Rom se volvió, mirando hacia el oeste, entrecerrando los ojos hacia el sol.

Enterraron al resto de los custodios en la cavidad más allá de la tumba de Jonathan.

Para cuando hubieron colocado a los nómadas sobre las piras y encendido el fuego, el sol había comenzado a ponerse en el horizonte en espléndido color amarillo pardo.

El fuego rugió y crepitó, iluminando el cielo norteño.

No hubo canciones. Ni historias de hazañas de los caídos. Nada de la celebración podía hallar apoyo entre las llamas de tantos cuerpos ardiendo.

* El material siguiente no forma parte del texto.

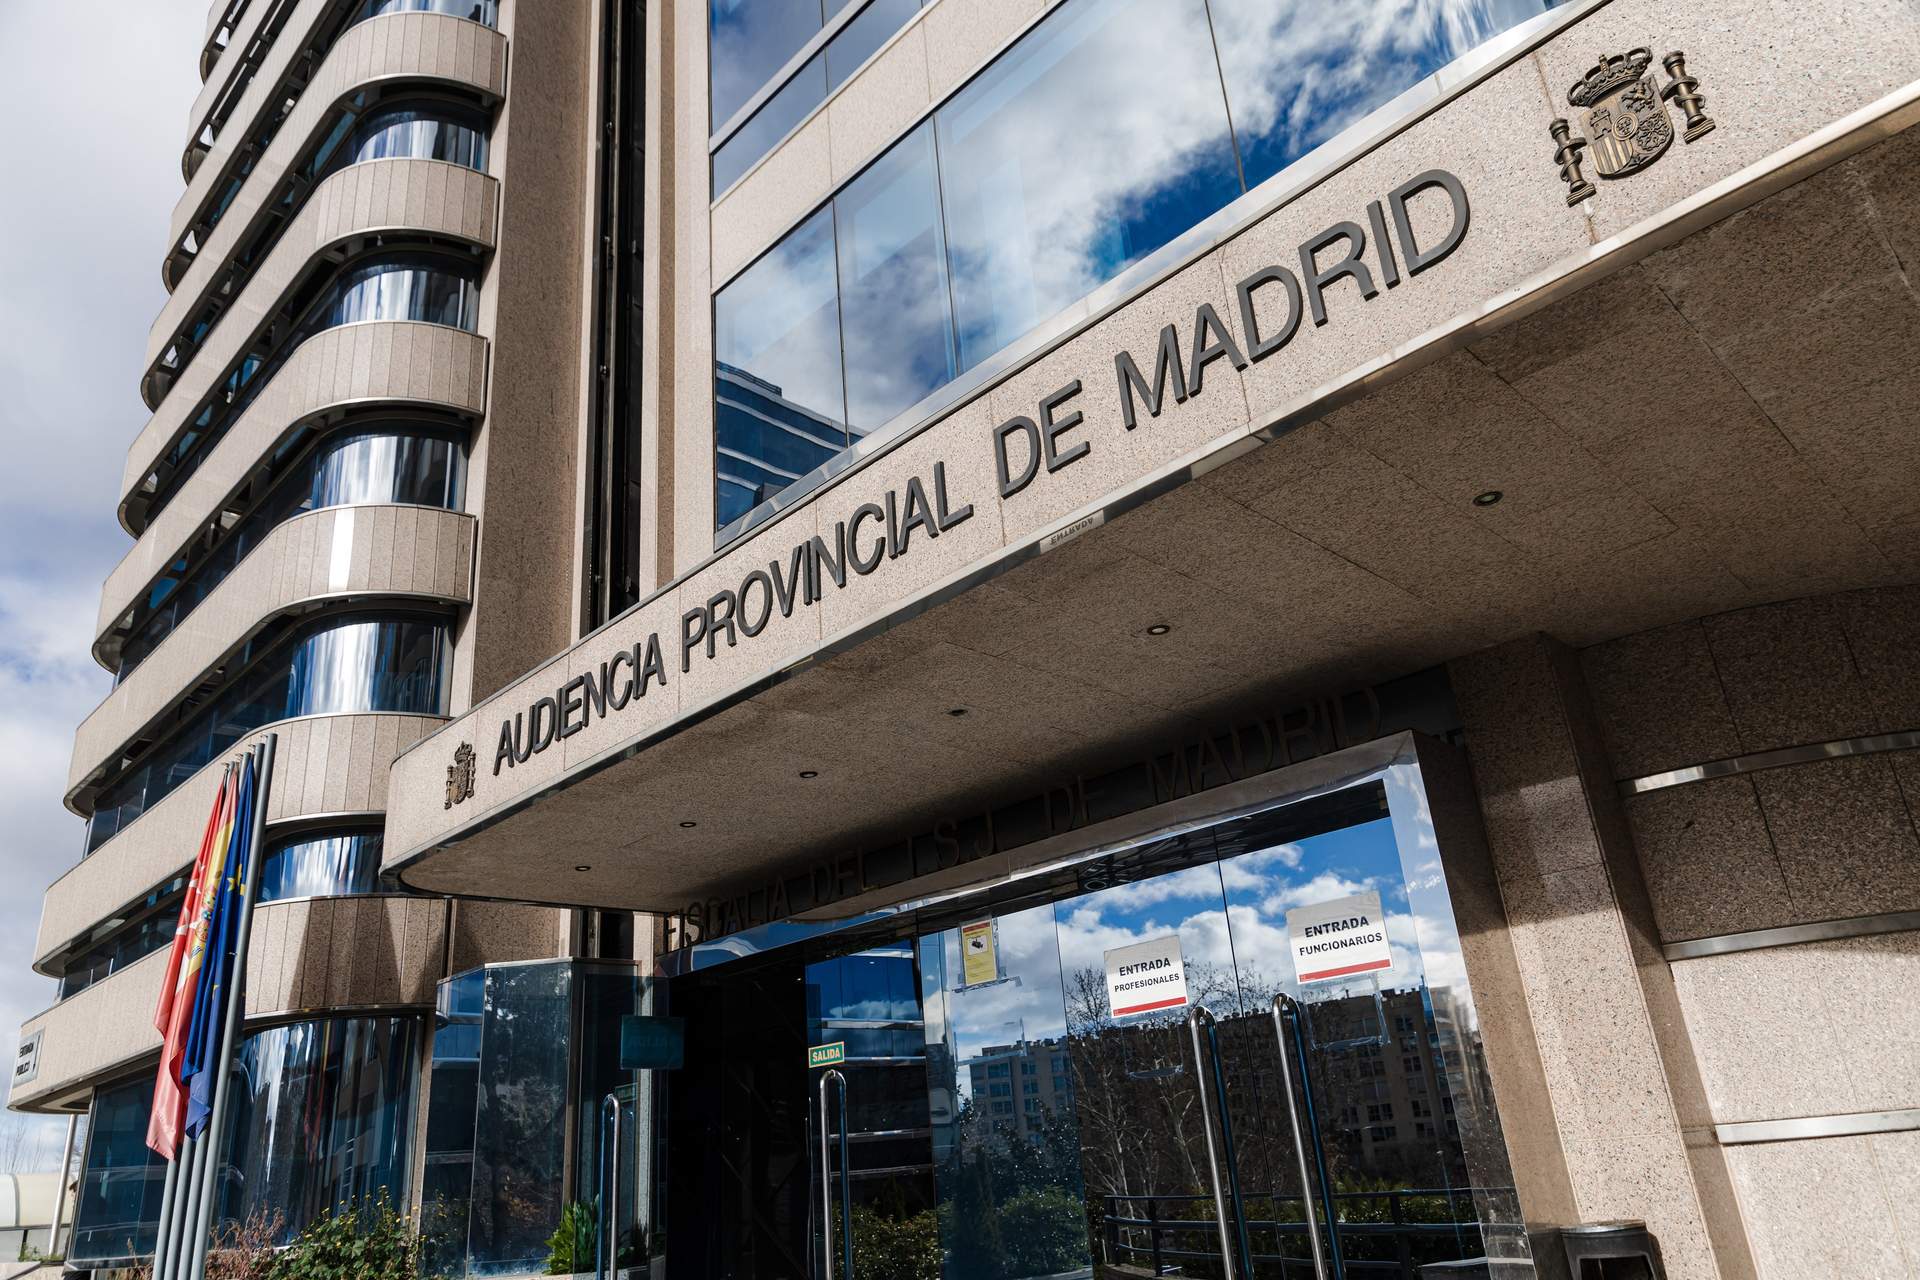 La Audiencia de Madrid confirma el archivo de la denuncia de amenazas de López Madrid contra la doctora Pinto

El multitudinario funeral consumió el día. Los familiares revolotearon sobre tumbas y piras humeantes hasta el anochecer, algunos alimentando a niños debajo de las primeras estrellas, otros rechazando alimento o incapaces de comer. Las brasas seguirían ardiendo entrada la noche y por la mañana.

Rom se quedó mirando el fuego menguante, consciente solo de la tumba solitaria aislada de las demás. Jonathan siempre había estado aparte, solo. Pero allí estaba Jordin, al lado de él incluso ahora en la penumbra, regando la tumba con sus lágrimas.

Una terrible soledad se apoderó de Rom. Se sintió totalmente perdido. Abandonado en medio del campo de batalla donde… ¿donde qué? ¿Se había ganado una victoria? ¿Se había cambiado la historia? ¿Había conquistado el amor?

¿Fue esto una victoria o el desarrollo de la historia? ¿Esto era el amor?

Un paso a su costado. No había notado la cercanía de Roland hasta que el príncipe estuvo a su lado. Por un momento ninguno habló.

—¿Y ahora? —inquirió Rom, sin volverse.

—Seguimos como lo hemos hecho por siglos —respondió el nómada exhalando tranquilamente.

—¿Con qué fin?

—Sé que este es un día difícil para ti, pero debes recordar que el muchacho nos dejó —dijo el príncipe volviéndose al fin hacia él en medio de la oscuridad—. Vivimos como mortales, llenos de la vida de él. Este fue su propósito.

—¿Morir? No puedo creerlo.

—Cree lo que quieras. En cuanto a mí, creo que él vivió para dar vida, y cuando esa vida abandonó su sangre, murió de buena gana. Ahora mi pueblo tomará el poder que él nos dio y cumpliremos nuestro destino. Nosotros, no Jonathan, gobernaremos el mundo. Quizás así debió ser siempre.

¿Podía Rom haberse equivocado tanto? Si Roland tenía razón, este solo era el comienzo. Sin embargo, ellos no gobernarían. Y ahora había menos mortales vivos que antes. Pero aun mientras las inquietudes batallaban dentro de él, supo con seguridad una cosa.

—Honraremos su muerte por siempre.

—Honraremos su muerte viviendo por siempre —corrigió Roland, volviéndose hacia las humeantes piras.

Esta nueva preocupación parecía tallada dentro del príncipe. Tal como había fusionado a su pueblo con su identidad como nómadas, ahora los involucraría en su nueva misión: vivir como una raza superior que no reconociera a nadie más que a su príncipe.

¿De qué modo era eso diferente de la misión de los sangrenegras?

—¿Qué harás?

—Llevaré a mi pueblo hacia el norte. Nos reagruparemos y nos fortaleceremos. Cuando llegue el día haremos lo que sea necesario.

—¿Qué día?

—El día en que venceremos toda opresión y gobernaremos.

¿Gobernar cómo? Rom quiso preguntar. Pero solamente asintió con la cabeza.

Roland inclinó la cabeza y se alejó.